Hawley C A, Ward A B, Magnay A R, Mychalkiw W
Centre for Health Services Studies, University of Warwick, Coventry, UK.
Arch Dis Child. 2004 Feb;89(2):136-42. doi: 10.1136/adc.2002.025577.
To examine return to school and classroom performance following traumatic brain injury (TBI).
This cross-sectional study set in the community comprised a group of 67 school-age children with TBI (35 mild, 13 moderate, 19 severe) and 14 uninjured matched controls. Parents and children were interviewed and children assessed at a mean of 2 years post injury. Teachers reported on academic performance and educational needs. The main measures used were classroom performance, the Children's Memory Scale (CMS), the Wechsler Intelligence Scale for Children-third edition UK (WISC-III) and the Weschler Objective Reading Dimensions (WORD).
One third of teachers were unaware of the TBI. On return to school, special arrangements were made for 18 children (27%). Special educational needs were identified for 16 (24%), but only six children (9%) received specialist help. Two thirds of children with TBI had difficulties with school work, half had attention/concentration problems and 26 (39%) had memory problems. Compared to other pupils in the class, one third of children with TBI were performing below average. On the CMS, one third of the severe group were impaired/borderline for immediate and delayed recall of verbal material, and over one quarter were impaired/borderline for general memory. Children in the severe group had a mean full-scale IQ significantly lower than controls. Half the TBI group had a reading age > or =1 year below their chronological age, one third were reading > or =2 years below their chronological age.
Schools rely on parents to inform them about a TBI, and rarely receive information on possible long-term sequelae.
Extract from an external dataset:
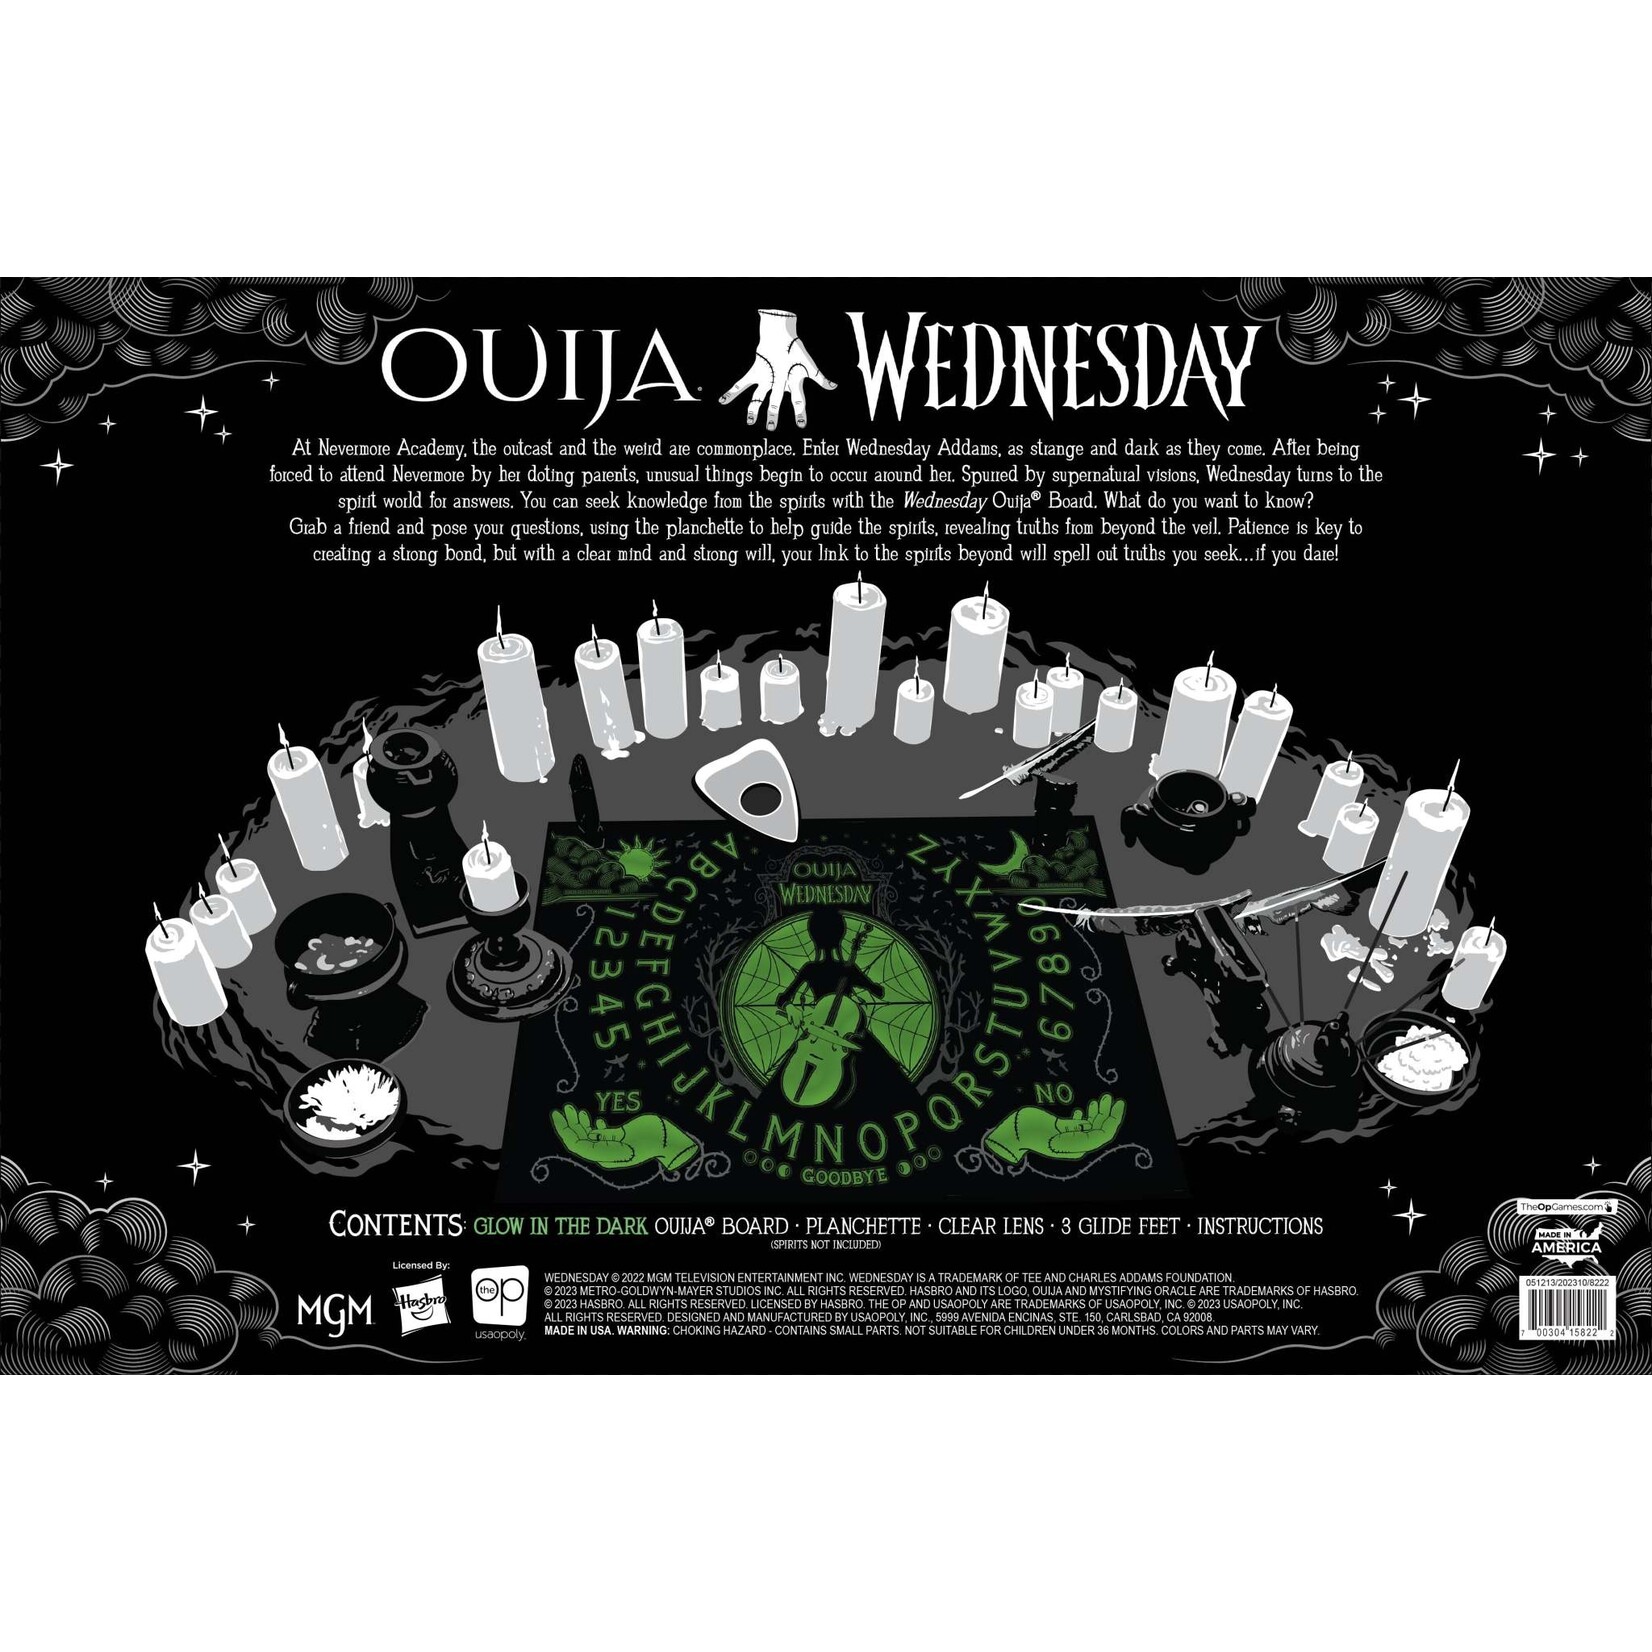 The Op Ouija: Wednesday

At hospital discharge, health professionals should provide schools with information about TBI and possible long-term impairments, so that children returning to school receive appropriate support.
研究创伤性脑损伤(TBI)后复学情况及课堂表现。
这项在社区开展的横断面研究纳入了67名学龄期TBI儿童(35名轻度、13名中度、19名重度)以及14名匹配的未受伤对照儿童。对家长和儿童进行了访谈,并在受伤后平均2年对儿童进行评估。教师报告了学业表现和教育需求。主要测量指标包括课堂表现、儿童记忆量表(CMS)、韦氏儿童智力量表第三版英国修订本(WISC-III)以及韦氏客观阅读维度(WORD)。
三分之一的教师不知道儿童患有TBI。复学后,为18名儿童(27%)做出了特殊安排。确定有16名儿童(24%)有特殊教育需求,但只有6名儿童(9%)得到了专业帮助。三分之二的TBI儿童在学业上有困难,一半有注意力/专注力问题,26名(39%)有记忆问题。与班上其他学生相比,三分之一的TBI儿童表现低于平均水平。在CMS上,重度组三分之一的儿童在言语材料的即时和延迟回忆方面受损/处于临界状态,超过四分之一的儿童在总体记忆方面受损/处于临界状态。重度组儿童的平均全量表智商显著低于对照组。一半的TBI组儿童阅读年龄比实际年龄低1岁或以上,三分之一比实际年龄低2岁或以上。
学校依赖家长告知儿童的TBI情况,很少收到关于可能的长期后遗症的信息。在出院时,卫生专业人员应向学校提供有关TBI及可能的长期损伤的信息,以便复学儿童得到适当的支持。